Bit Accuracy

Any scientific field needs its academic rigor by pursuing accuracy and precision. Computer science pursues bit accuracy: any computational process is accurate and precise up to every bit.

Here bit is short for binary digit, the smallest digital symbol which has a value of $0$ or $1$. Scientific experiments have requirements of accuracy and precision according to the standards and best practices of their domains. For instance, we may see expressions such as “experiments results are statistically significant when the $p$-value is less than $0.05$”, “the error is no more than $3$ Angstrom ($\mathring{\mathrm{A}}$)”, and “the results are precise up to four digits after the decimal point”. All of these are not bit accurate.

Computer science works complementarily with these domains by guaranteeing bit accuracy when processing experimental data, doing simulation, or conducting theoretical reasoning

For example, in Go programming language, type accuracy is a kind of bit accuracy: while $1$ is regarded as a int number, $1.0$ would be regarded as float number, which is different from the field of mathematics.

Scientific progress can be made without mathematical exactness or bit accuracy. Sometimes it is meaningful just to establish that factor A is positively (or negatively) related to factor B, when investigating a phenomenon involving factors A and B.

Let us consider an example in psychology.

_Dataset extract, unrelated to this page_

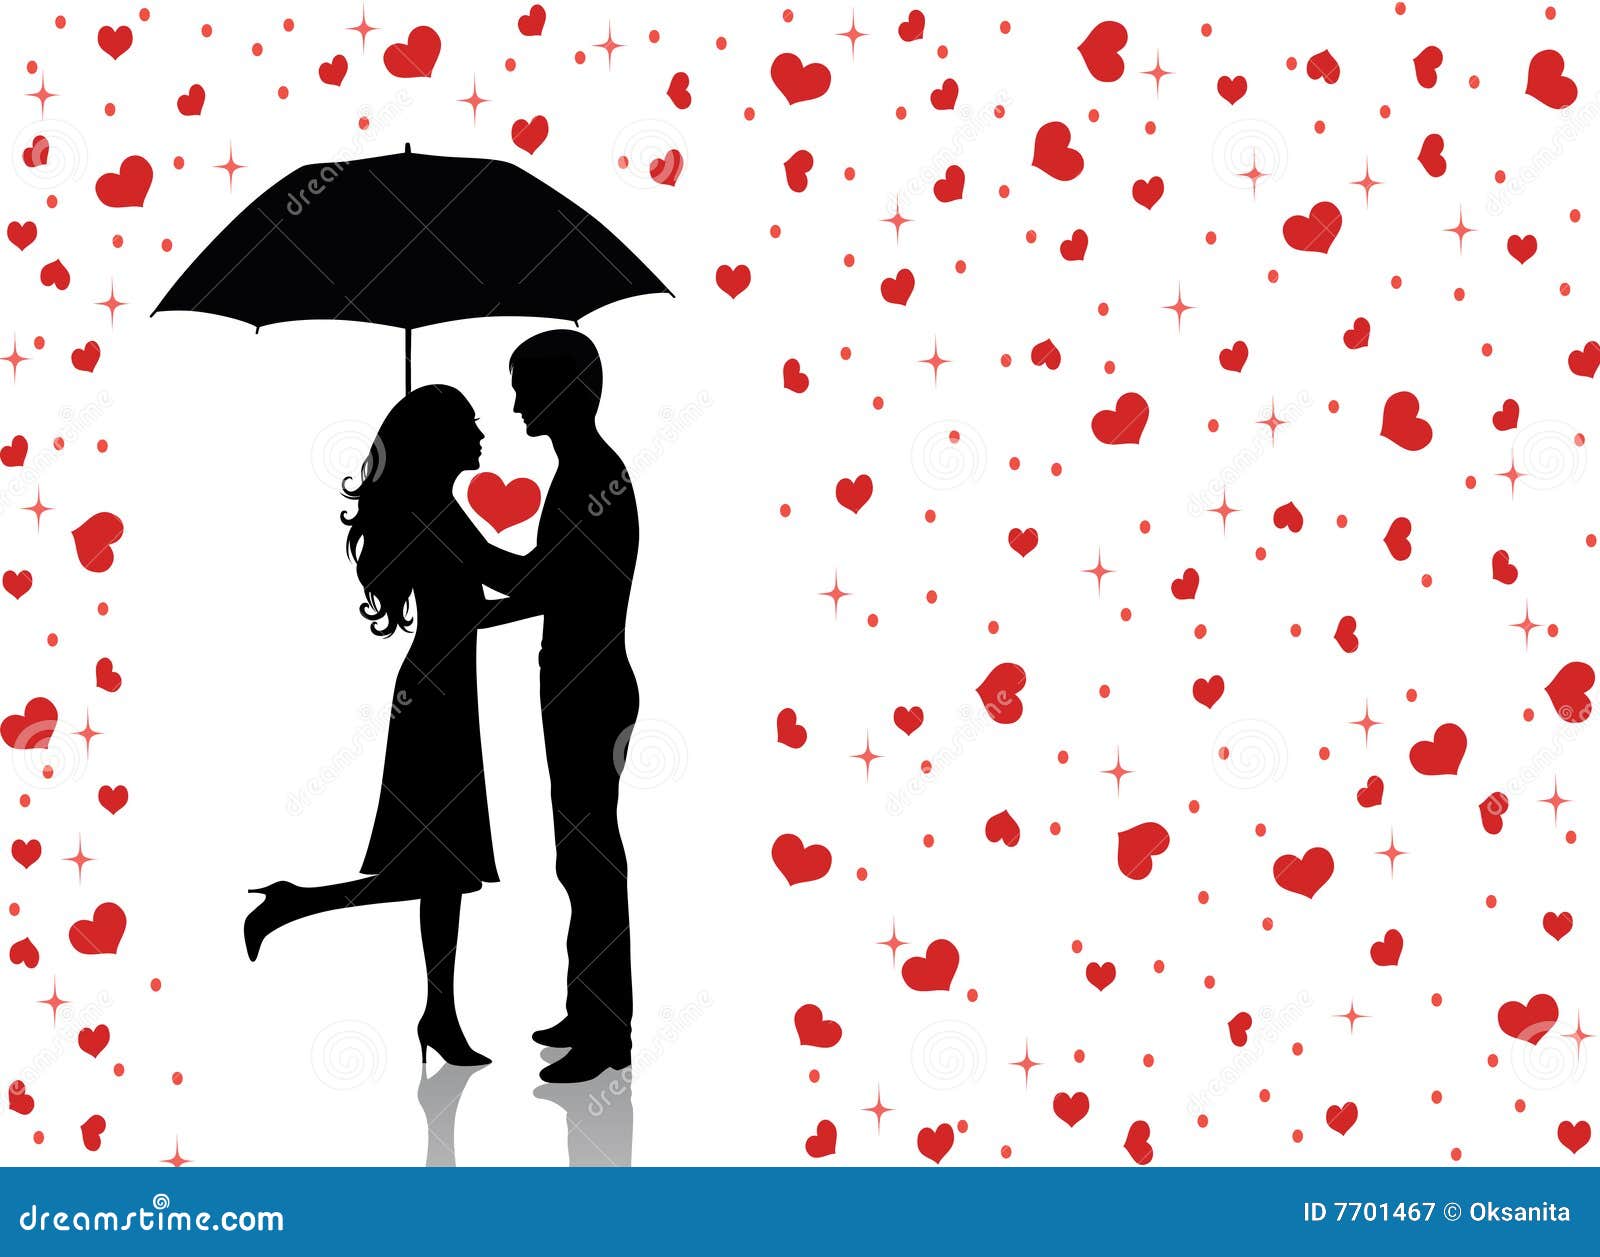 Rain Of Love2. Royalty Free Stock Photography - Image: 7701467

The domain problem has to do with domestic violence: why does a spouse being battered not leave an abusive relationship but stay committed to marriage? Professor Caryl Rusbult proposed a theory of investment model for close relationship:

$$\mathrm{Commitment}\propto (\mathrm{Satisfaction}\times \mathrm{Investment})/\mathrm{Alternative}$$

which can partially answer this question. A spouse's commitment to marriage is positively related to satisfaction and investment, but negatively related to alternatives. A battered spouse stays in an abusive relationship, not due to marriage satisfaction, but because she/he has invested heavily (e.g., having children) or has poor alternatives (e.g., without independent income). Rusbult's investment model is not mathematically exact or bit accurate, but it is indeed a scientific progress, an inspirational theory which can lead to social policies and guides for individual actions.

Computing and mathematics can be used to help test whether real data show that commitment is related positively to satisfaction and investment, but negatively to alternatives. Doman scientists, such as psychologists, utilize their professional expertise and domain knowledge to advance their fields and contribute to society. Computer scientists complement their efforts by offering mental tools and computing hardware and software that feature automatically executed, bit-accurate, constructive abstractions of information transformation.